Modality Fusion: `CrossAttentionFusion`

Located in src/neurosynth/models/fusion.py.

2-head cross-attention over 5 modality tokens (tabular, GNN, genomic, TFT, causal)
Learns which modalities to trust per-sample (e.g. trust genomic when APOE4_dosage is high)
Weights tuned with Optuna (100 trials, 5-minute budget) on validation fold
Replaces hardcoded v4 weights (tabular 40% / GNN 20% / genomic 15% / TFT 15% / causal 10%)

Disease Classifier: `DiseaseClassifierV5`

Located in backend/disease_classifier.py.
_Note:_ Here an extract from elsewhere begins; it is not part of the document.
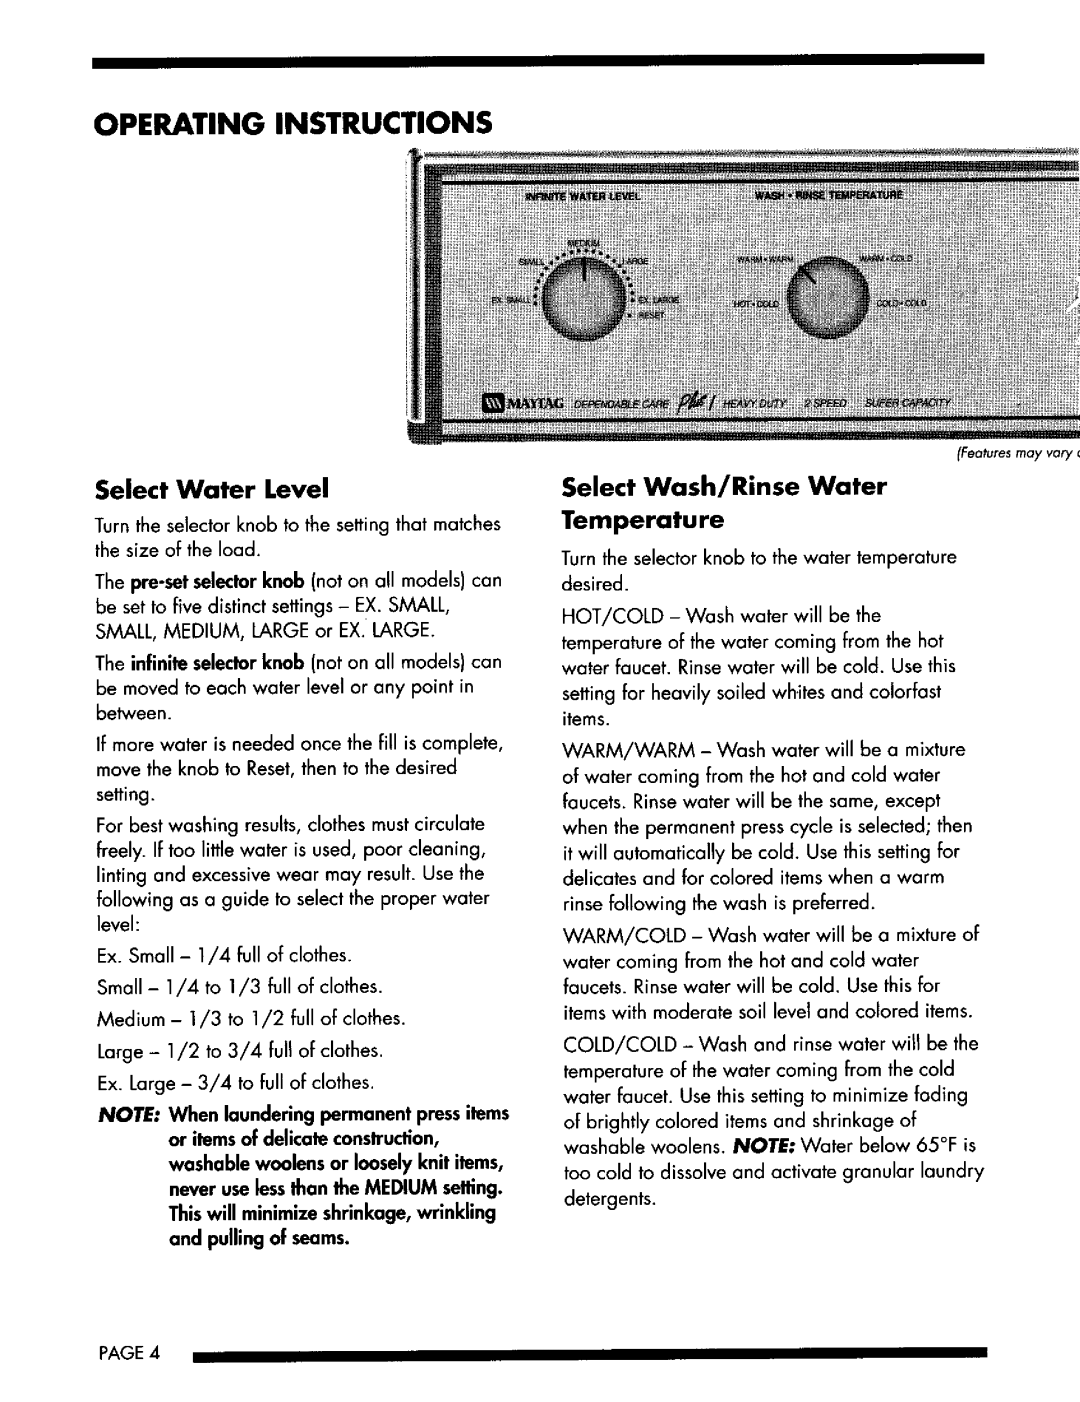 Maytag LAT9704, LAT9714, LAT9734 Operating Instructions, Select Water Level Turnthe selectorknobto the settingthat matches

6-class CatBoost (replaces RandomForest; better probability calibration on clinical data)
Per-disease Platt scaling applied post-hoc on held-out validation set
Trained on data/real_v5.parquet (20,000+ rows, 6 disease classes)
Disease-cost weights: ALS×3.0, Huntington's×3.5, MS×1.5, Epilepsy×1.4, PD×1.2, AD×1.0
Features: 31 clinical variables (Age, MMSE, FunctionalAssessment, ADL, behavioral flags, etc.)
Outputs: predicted_disease, per-disease probability vector, confidence level

Diseases classified:

Alzheimer's Disease
Parkinson's Disease
Multiple Sclerosis
Epilepsy
ALS
Huntington's Disease

Temporal Model: `TemporalModel` / LSTM

Located in backend/temporal_model.py, artifact: models/lstm_model.pt.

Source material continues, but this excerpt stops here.